Objective, as well as subjective, opinions vary as to whether the United States should have fought terrorism by invading Iraq, overthrowing the Saddam Hussein dictatorship and now attempting to establish Iraq as a peaceful, mass-destruction weapons-free and democratic nation-state. One’s view aside, it rationally is difficult to argue that as long as American troops are risking their lives in Iraq Congress should forego appropriations timely and adequate to support our fellow Americans so assigned. Yet that is exactly what Congress has been doing - by the device of delay (which some probably figure is less politically risky than outright and obvious opposition).
Everybody even remotely cognizant of the functioning of the Federal Government knows that the Fiscal Year begins each year on October 1. Elementary accounting, commonsense and basic planning compel the completion of the Congressional appropriations process before October 1. That hardly bothers the 110th Congress.
What does Congress do when it cannot divert itself from political posturing and appropriating billions of dollars in earmarks for the favorite projects, usually back home, of those United States Senators and Representatives who are able to siphon off taxpayer dollars? It passes a so-called continuing resolution. A continuing resolution (unless the sum of money is increased or decreased) merely continues the sum appropriated for the fiscal year about to expire for the duration of the continuing resolution. Nobody in the Federal Government, including the Department of Defense (“DOD”) and the Armed Forces, accurately and safely can plan, for lack of knowledge as to how many dollars, coupled with who knows what restrictions and mandates, Congress will appropriate.
The current continuing resolution affecting our soldiers risking their lives and elsewhere will expire on December 14, 2007 - three days hence! And the 1st Session of the 110th Congress is soon to adjourn, the 2nd Session to convene in January, 2008. Thus, already Fiscal Year 2008 is in its third of twelve months. Imagine trying to run a business that way!
It’s obvious Congress has had plenty of time to appropriate for the October 1, 2007 - September 30, 2008 Fiscal Year. If one looks at a calendar and does a touch of elementary arithmetic, one finds that Congress has had since early February 2007 - about 308 calendar days (minus 70 days Congress could have been, but was not, in session).
Presumably the 110th Congressional Majority Leadership, rampantly irresponsible though it is, will do something before adjourning (to use a politically incorrect phrase) for the Christmas - New Year Holiday.

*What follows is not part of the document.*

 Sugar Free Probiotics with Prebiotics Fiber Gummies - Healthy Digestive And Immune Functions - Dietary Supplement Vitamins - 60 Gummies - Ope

If Congress departs without enacting another continuing resolution or appropriating the bucks for Fiscal Year 2008 (which for procedural reasons may be impossible) DOD soon will be required to commence laying off some 100,000 civilian employees. These employees function for the purpose of supporting our uniformed military. Thus, our soldiers, sailors, airmen, Marines, the war effort and our national security - as, of course, also those employees - all would suffer in some measure.

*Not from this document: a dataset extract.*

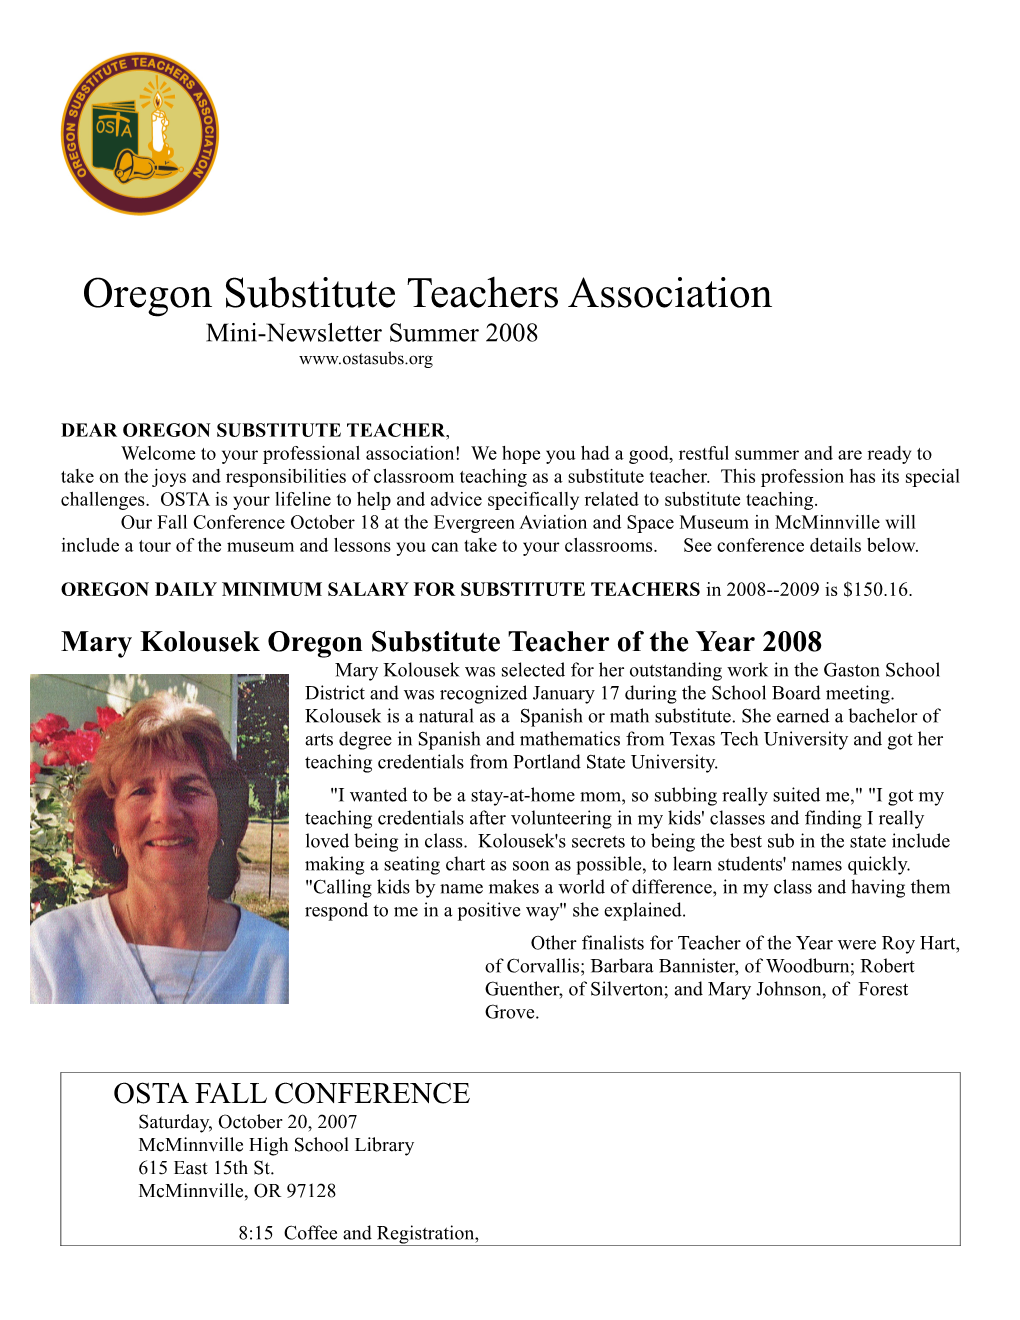 Oregon Substitute Teachers Association s1

Sometimes Congress follows precedent - the wrong one. Last year Congress was 109 calendar days late in legislating what at that point (as now) had to be a supplemental appropriation for Fiscal Year 2007. What will the 1st Session, 110th Congress, get around to doing? And when?
Senate Minority Leader A. Mitchell (Mitch) McConnell, Jr., of Kentucky, on the Senate Floor yesterday summed up the appropriations fiasco in brief remarks:
“ . . . [W]e’re now a quarter of the way into the [2008] fiscal year. Reasonable, responsible people understand the time to get the work done is now.

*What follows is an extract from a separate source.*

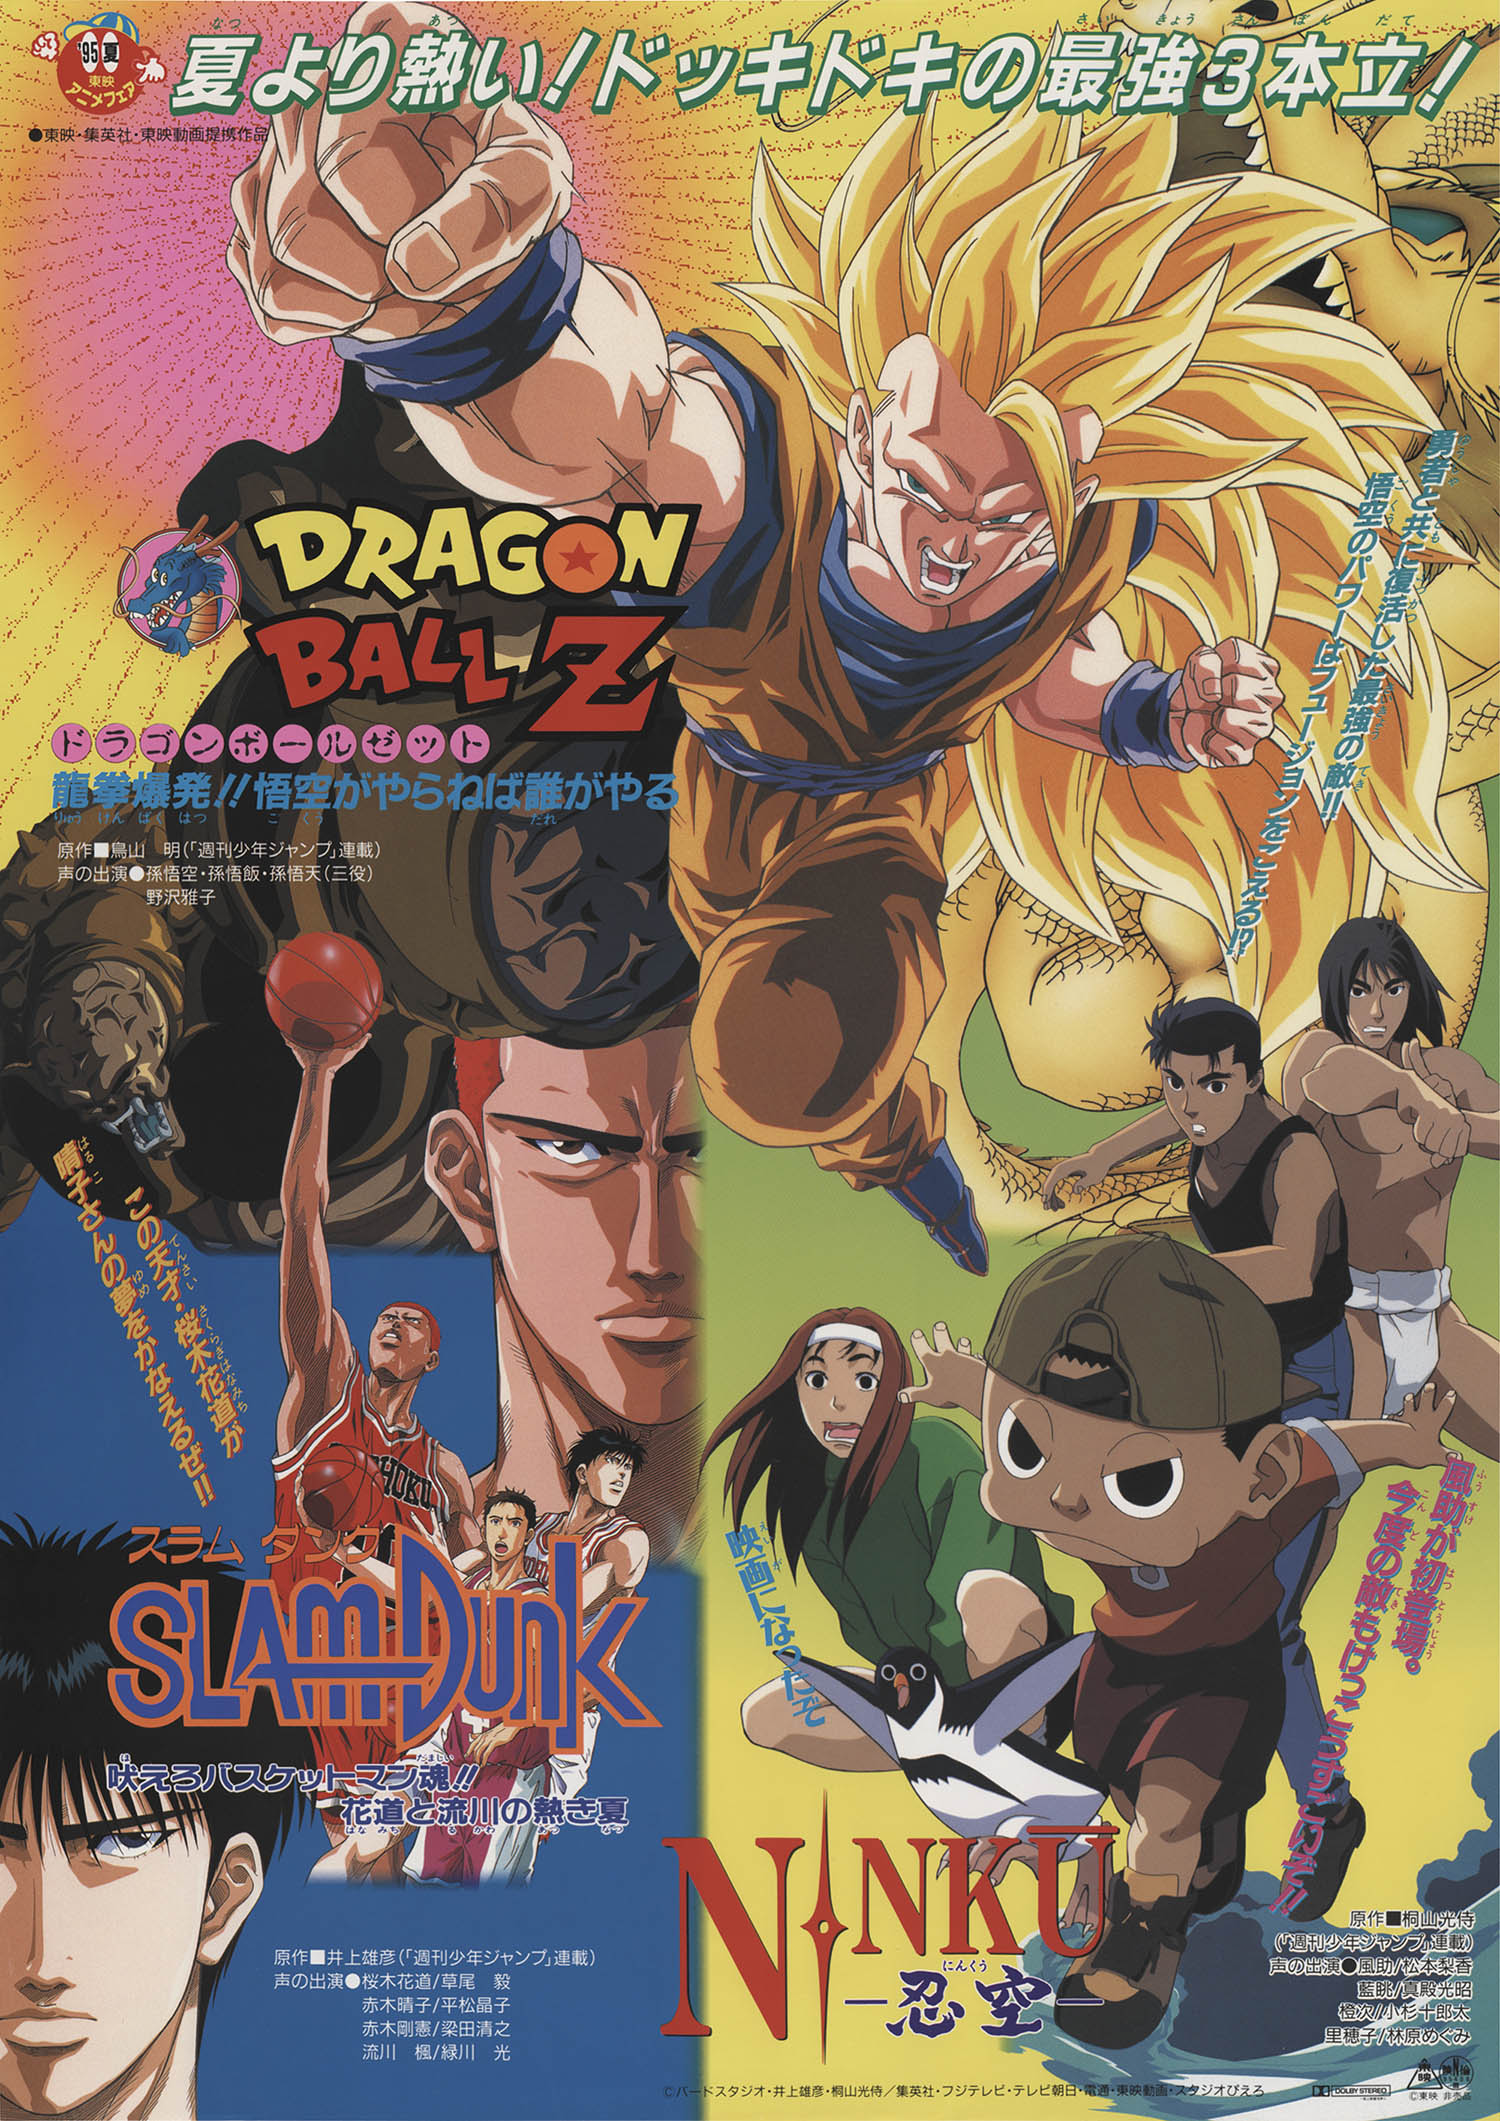 Anime Fair 95 Summer Poster

“[The Senate] can keep going back and forth with the House [of Representatives], but that would only further delay our fundamental responsibility of getting these spending bills signed into law.
“Let’s protect the taxpayers’ wallets, fund the troops, and end this otherwise unproductive exercise.” [Emphasis supplied.]
Marion Edwyn Harrison is President of, and Counsel to, the Free Congress Foundation.